Create an EMR Spark node

  1. Go to the DataStudio page.
    1. Log on to the DataWorks console.
    2. In the left-side navigation pane, click Workspaces.
    3. In the top navigation bar, select the region where your workspace resides, find the workspace, and then click Data Analytics in the Actions column.
  2. On the DataStudio page, move the pointer over the Create icon and choose EMR > EMR Spark.
    Alternatively, you can find the required workflow, right-click the workflow name, and then choose Create > EMR > EMR Spark.
  3. In the Create Node dialog box, set the Node Name and Location parameters.
    Note The node name must be 1 to 128 characters in length and can contain letters, digits, underscores (_), and periods (.).
  4. Click Commit.
    Then, the configuration tab of the newly created EMR Spark node appears.
    Note If multiple EMR compute engine instances are associated with the current workspace, you must select an EMR compute engine instance. If only one EMR compute engine instance is associated with the current workspace, you do not need to select one.
    EMR Spark

Save and commit the EMR Spark node

  1. Save and commit the node.
    Notice You must set the Rerun and Parent Nodes parameters before you can commit the node.
    1. Click the Save icon in the toolbar to save the node.
    2. Click the Commit icon in the toolbar.
    3. In the Commit Node dialog box, enter your comments in the Change description field.
    4. Click OK.
    In a workspace in standard mode, you must click Deploy in the upper-right corner after you commit the node. For more information, see Deploy nodes.
  2. Test the node. For more information, see View auto triggered nodes.
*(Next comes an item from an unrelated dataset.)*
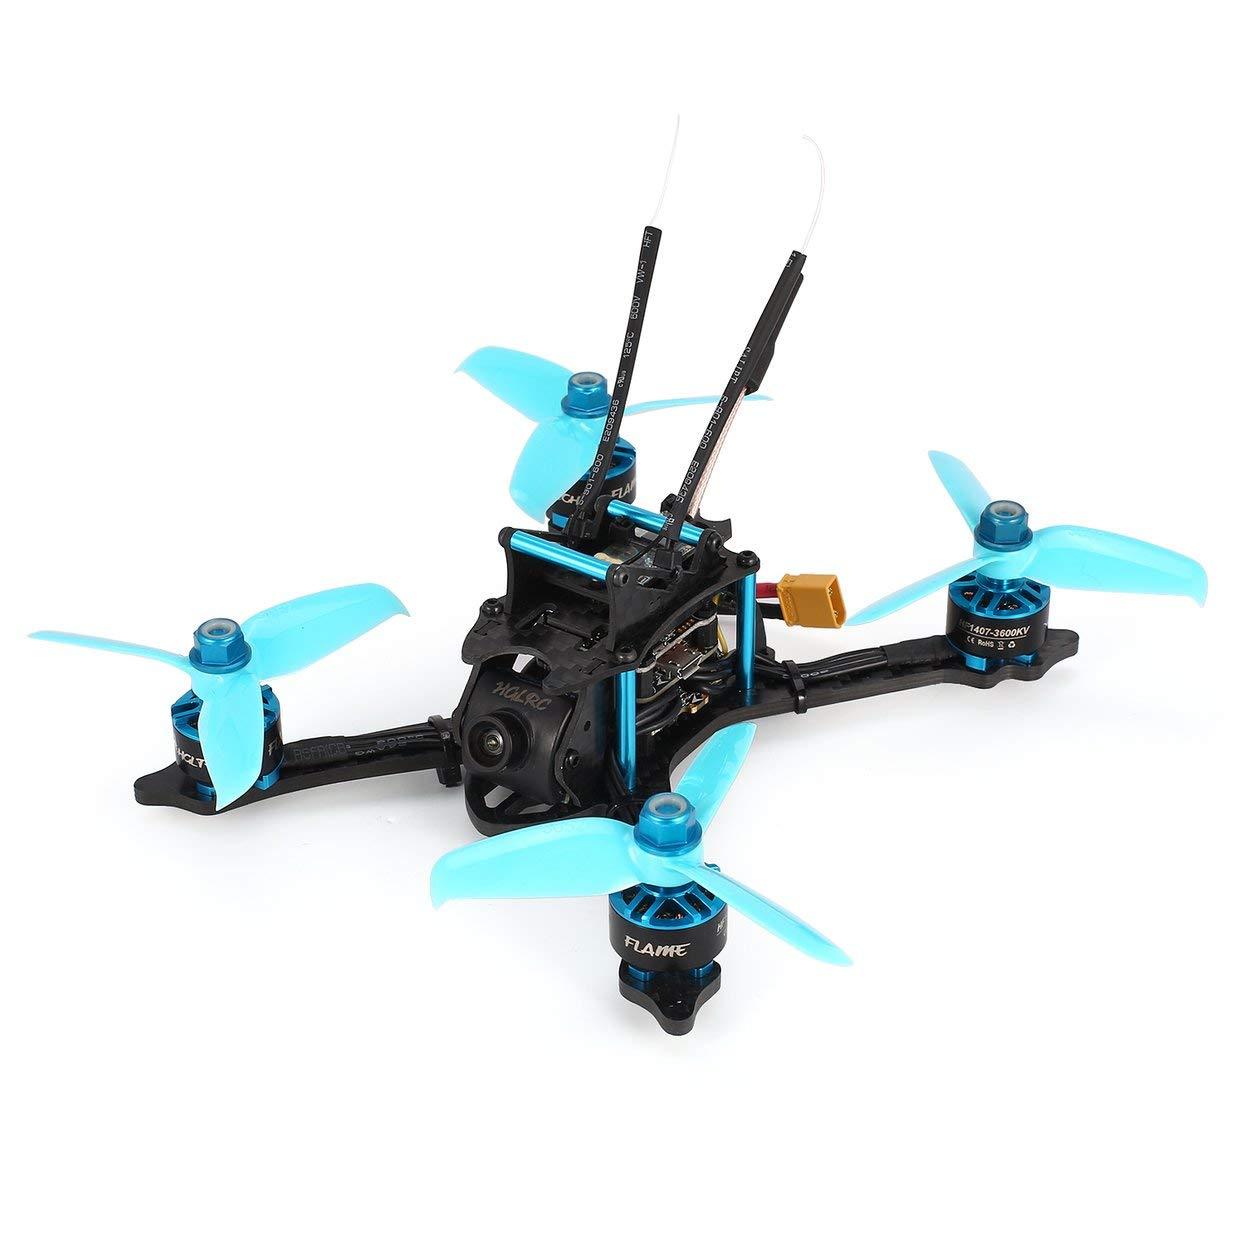 Für HGLRC XJB-145MM FPV Racing Drone mit OSD Omnibus F4 28A 2-4S Blheli_S ESC 25/100/200 / 350mW Umschaltbar VTX BNF Version

Data development example 1: Test whether the EMR Spark node can be successfully run by calculating the Pi value

In this example, the SparkPi program of Spark is used to test whether the EMR Spark node can be successfully run. For more information about the sample project of Spark, see Use the sample project.
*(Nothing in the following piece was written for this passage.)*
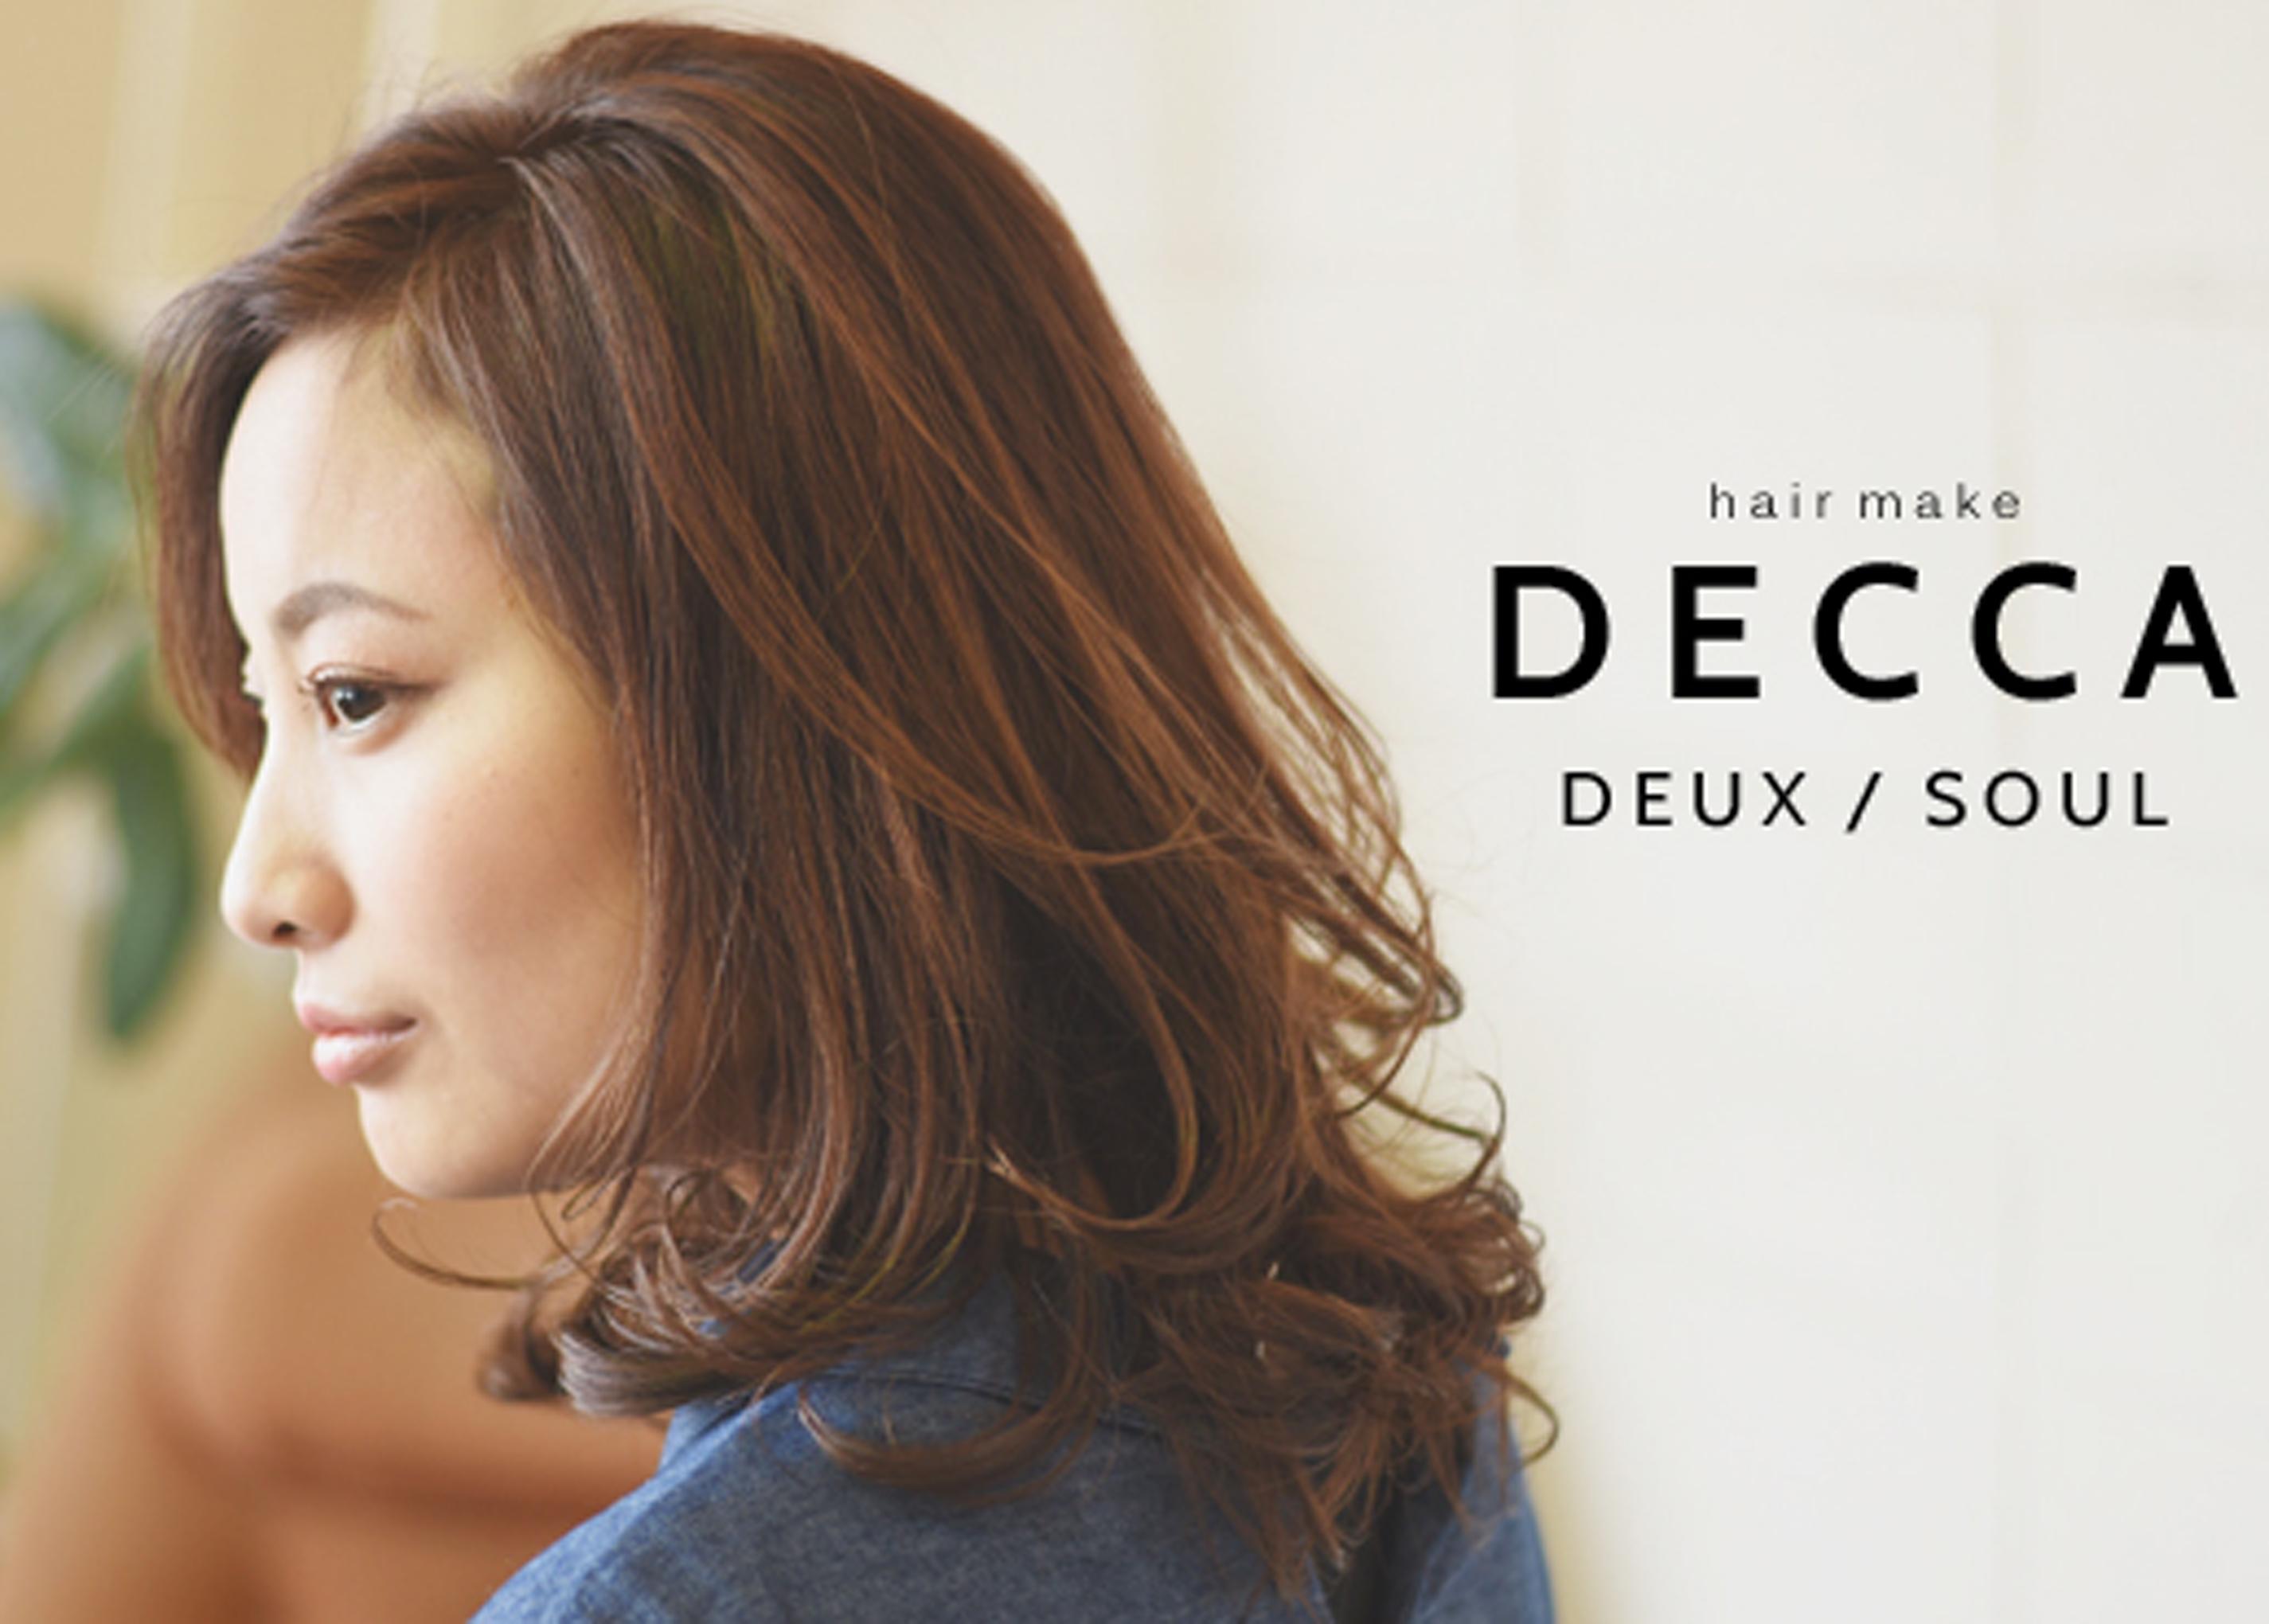 DECCA-DEUXデッカドゥ/新卒・アシスタント募集中

  1. Obtain the storage path of the JAR package spark-examples_2.11-2.4.5.jar of the sample project.
    Spark components are installed in the /usr/lib/spark-current path. You must log on to the EMR console and log on to the master node of the desired EMR cluster to obtain the complete path /usr/lib/spark-current/examples/jars/spark-examples_2.11-2.4.5.jar. For more information, see Common file paths. Sample path
  2. On the configuration tab of the EMR Spark node, write code for the node. For more information about how to create an EMR Spark node, see Create an EMR Spark node.
    The following code is used in this example:
    --class org.apache.spark.examples.SparkPi --master local[8] /usr/lib/spark-current/examples/jars/spark-examples_2.11-2.4.5.jar 100
    You need only to complete the content that follows spark-submit. spark-submit automatically appears when you commit the EMR Spark node. The following code shows the syntax of spark-submit and the code that is actually run:
    # spark-submit [options] --class [MainClass] xxx.jar args
    spark-submit --class org.apache.spark.examples.SparkPi --master local[8] /usr/lib/spark-current/examples/jars/spark-examples_2.11-2.4.5.jar 100
  3. Save and commit the EMR Spark node. For more information, see Save and commit the EMR Spark node.
If the result 1097: Pi is roughly 3.1415547141554714 is returned, the EMR Spark node is successfully run. Returned result of example 1

Data development example 2: Use Spark to access MaxCompute

This example demonstrates the features of the EMR Spark node by using Spark to obtain the number of rows in a MaxCompute table. For more information, see Use Spark to access MaxCompute.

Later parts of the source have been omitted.